*** Opening DATASET EXTRACT ***
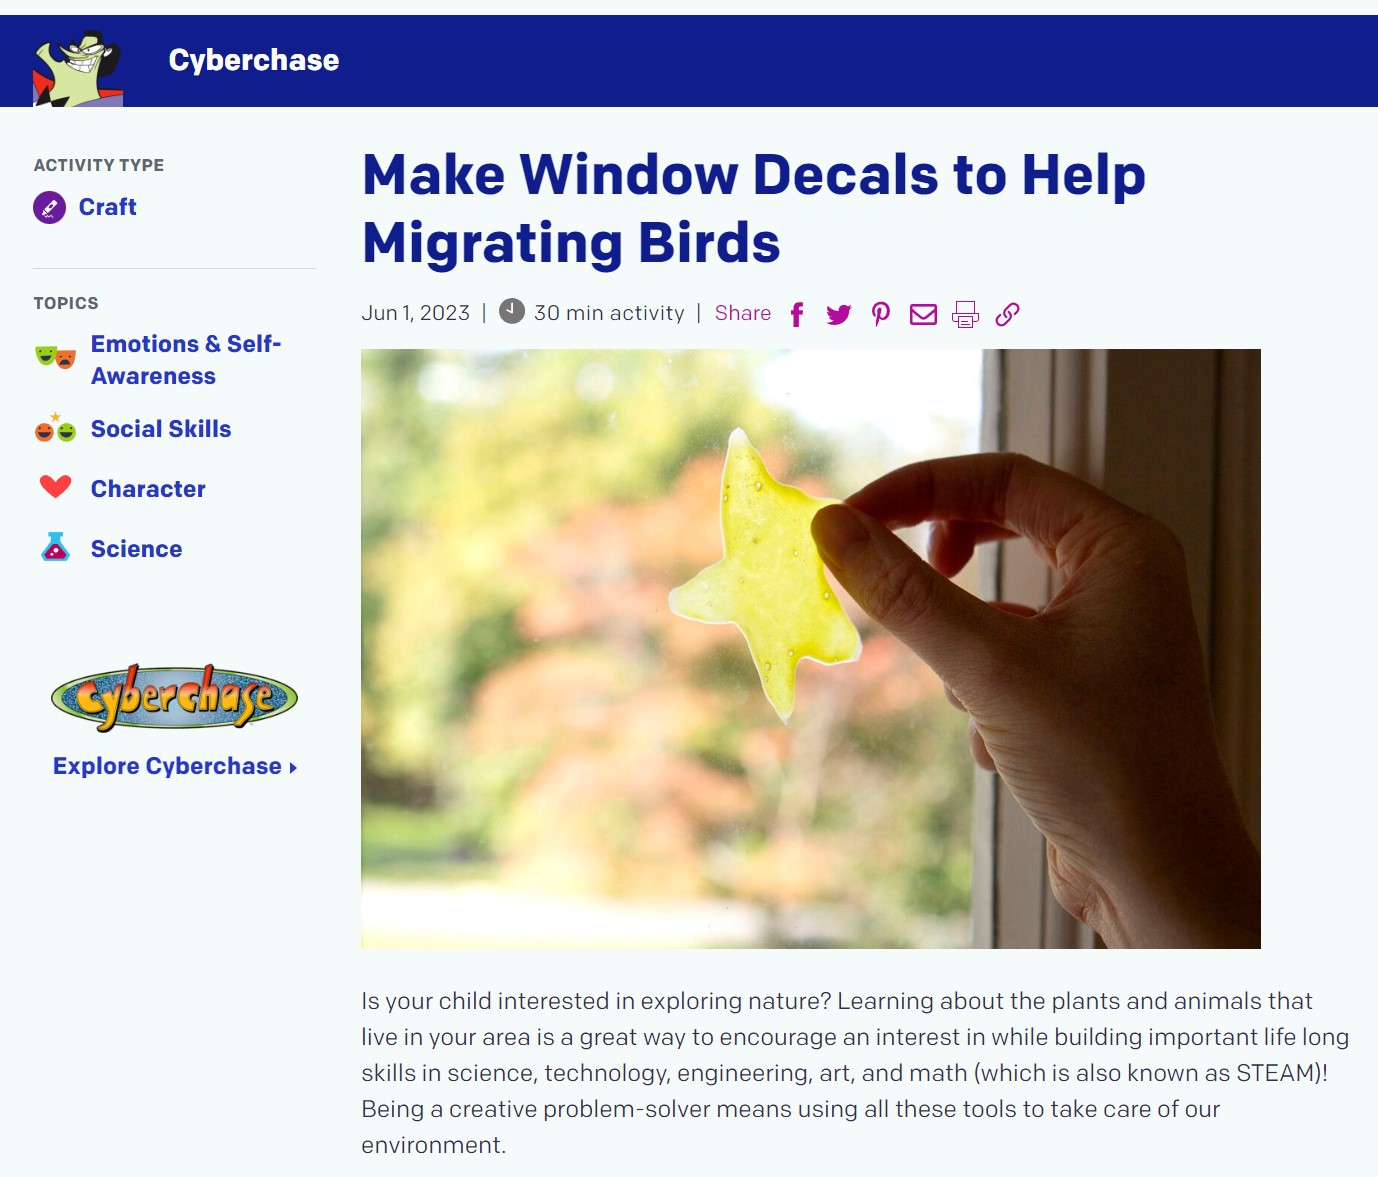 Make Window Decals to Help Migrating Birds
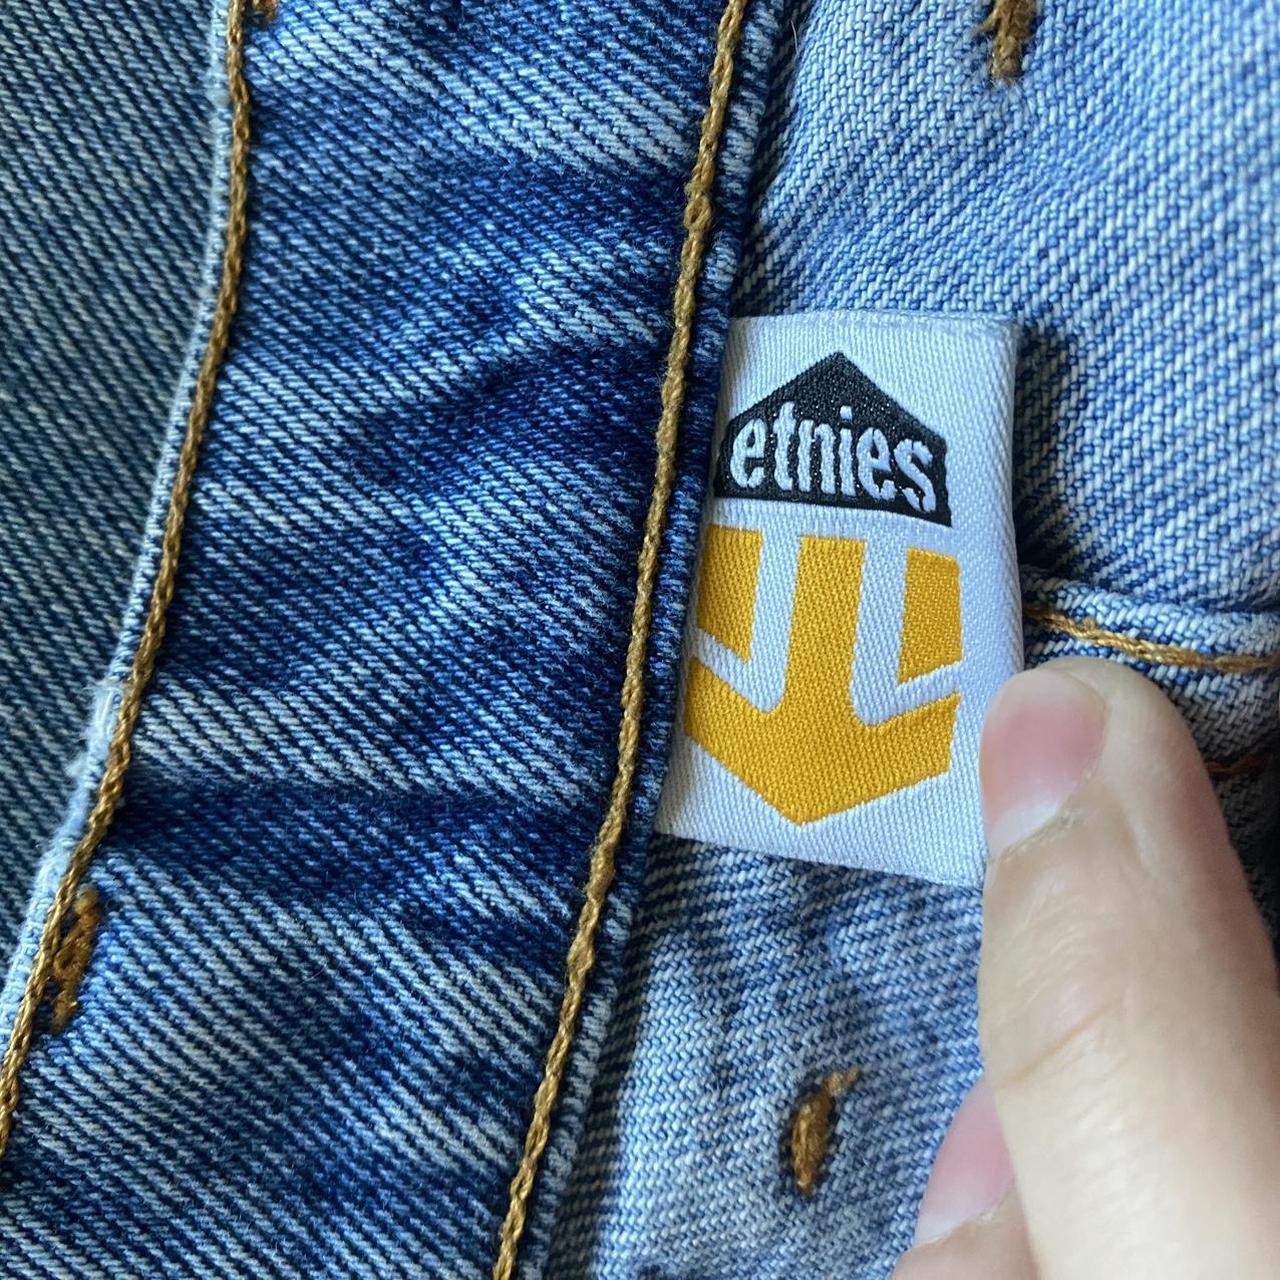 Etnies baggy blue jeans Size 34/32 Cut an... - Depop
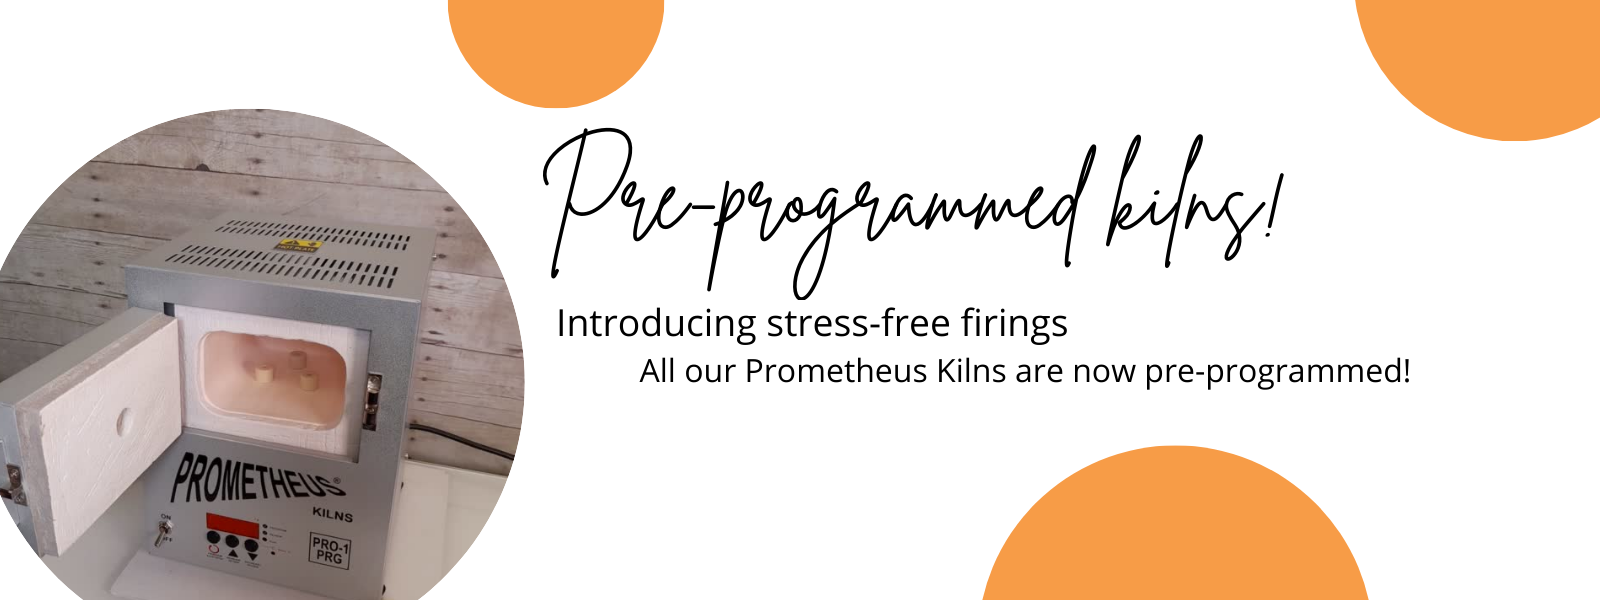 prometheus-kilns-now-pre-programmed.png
*** Closing DATASET EXTRACT ***
EXERCISE DIRECTIONS —
All the material shown above is to be copied exactly, with no pictures carried over.

RESPONSE BOX —
 Make Window Decals to Help Migrating Birds
 Etnies baggy blue jeans Size 34/32 Cut an... - Depop
 prometheus-kilns-now-pre-programmed.png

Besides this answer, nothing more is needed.